Sementara itu dijelaskan Riki, pers diamanahkan menjalankan fungsi kontrol sosial, selain fungsi-fungsi lainnya, dan editorial medianya tersebut dalam rangka menjalankan fungsi kontrol sosial. Karenanya dia berpandangan terlalu prematur ketika menilai editorialnya itu dangkal.

“Saya pikir terlalu prematur menilai artikel tersebut dangkal, ini artikel merupakan editorial atau tajuk atau opini redaksi, yang namanya opini redaksi sifatnya ya subjektif, subjektif dalam artian berdasarkan data dan fakta, ketika kita berbicara fakta kita harus sajikan data. Di situ harus ada pendapat iya, di situ harus ada kepentingan iya, pasti, sifatnya subjektif yang biasanya ditulis oleh pemimpin redaksi atau redaktur,” kata Riki.

“Editorial ini muncul berdasarkan kompilasi dari berita-berita sebelumnya, ga mungkin editorial ini hadir tanpa berita-berita yang sudah ada dan terbit sebelumnya, harus ada dulu, harus ada pemantiknya.
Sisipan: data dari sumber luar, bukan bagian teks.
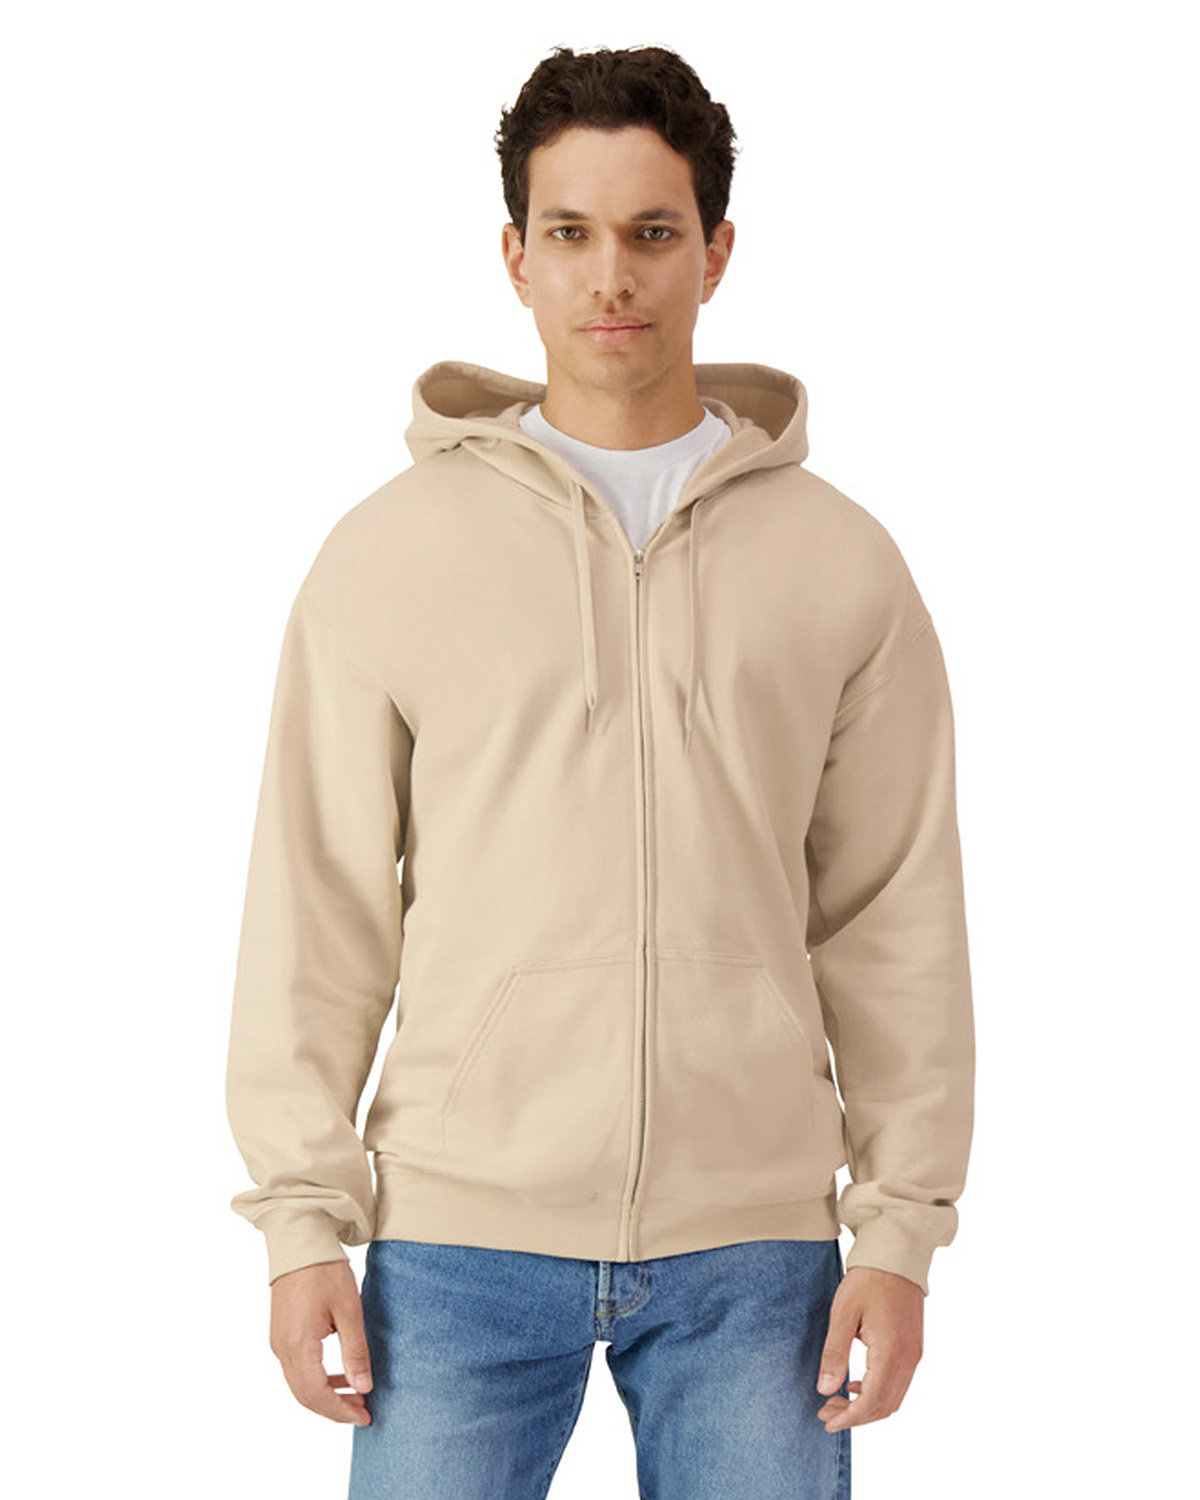 Unisex Softstyle Fleece Hooded Sweatshirt-Gildan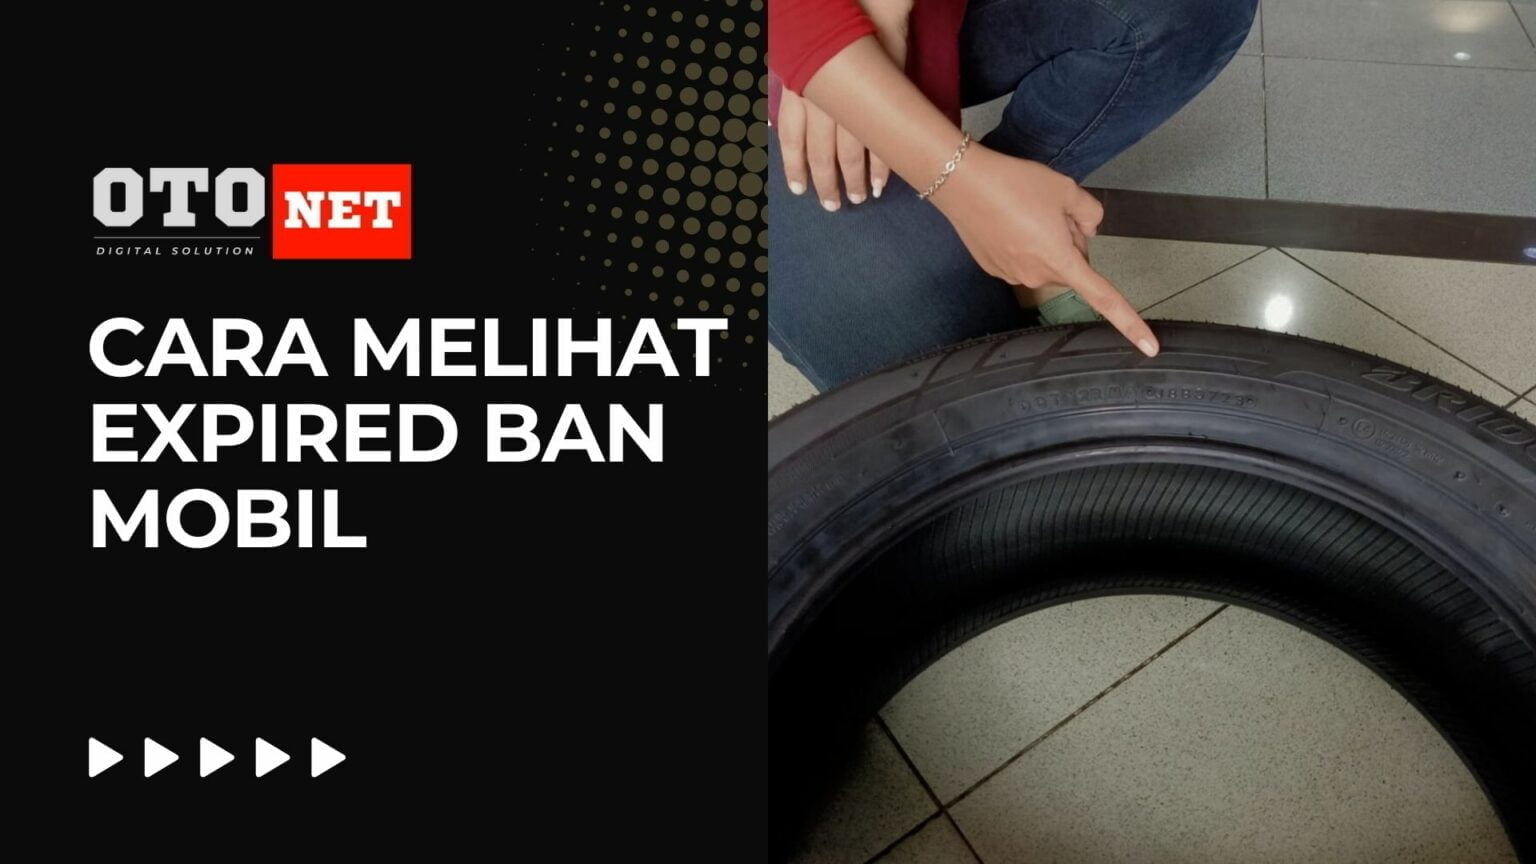 Cara Melihat Expired Ban Mobil

Kenapa redaksi kemudian punya kesimpulan, kenapa editorial ini muncul, opini redaksi ini ada, tajuk itu ada, itu kembali lagi ke fungsi pers, salah satunya adalah fungsi kontrol sosial, pers punya hak untuk berpendapat, pers punya hak untuk mengontrol kebijakan pemerintah,” sambungnya.

“Ini bukan berita ini opini redaksi, produk pers ada banyak, editorial itu produk pers yang kita susun lewat opini dan kita buat sedemikian rupa dan butuh nalar yang kuat untuk memahaminya, artikel ini ditulis dengan energi yang cukup baik, kalau memang tidak cukup punya pengetahuan tentang pers jangan jadi tukang kritik editorial, karena akan berbahaya sekali, ini produk yang kita desain sedemikian rupa, yang kita mau menempatkan pers dalam konteks menjalankan fungsinya sebagai kontrol sosial,” tegasnya.

Lebih lanjut Riki mengatakan Kusmito belum mampu memisahkan apakah ini berita atau opini.

“Jadi kalau berita betul kode etik mengatur dengan tegas tentang keberimbangan berita, benar apa yang disampaikan jika itu berita baik dalam bentuk straight news atau investigasi report, tapi masalahnya ini bukan berita, kami menyampaikan opini redaksi kami, ada data, ada fakta, ada pandangan dan ada kesimpulan. Saya tidak punya hak untuk mengkonfirmasi semua pihak terhadap (editorial) yang saya tulis,” ujar Riki.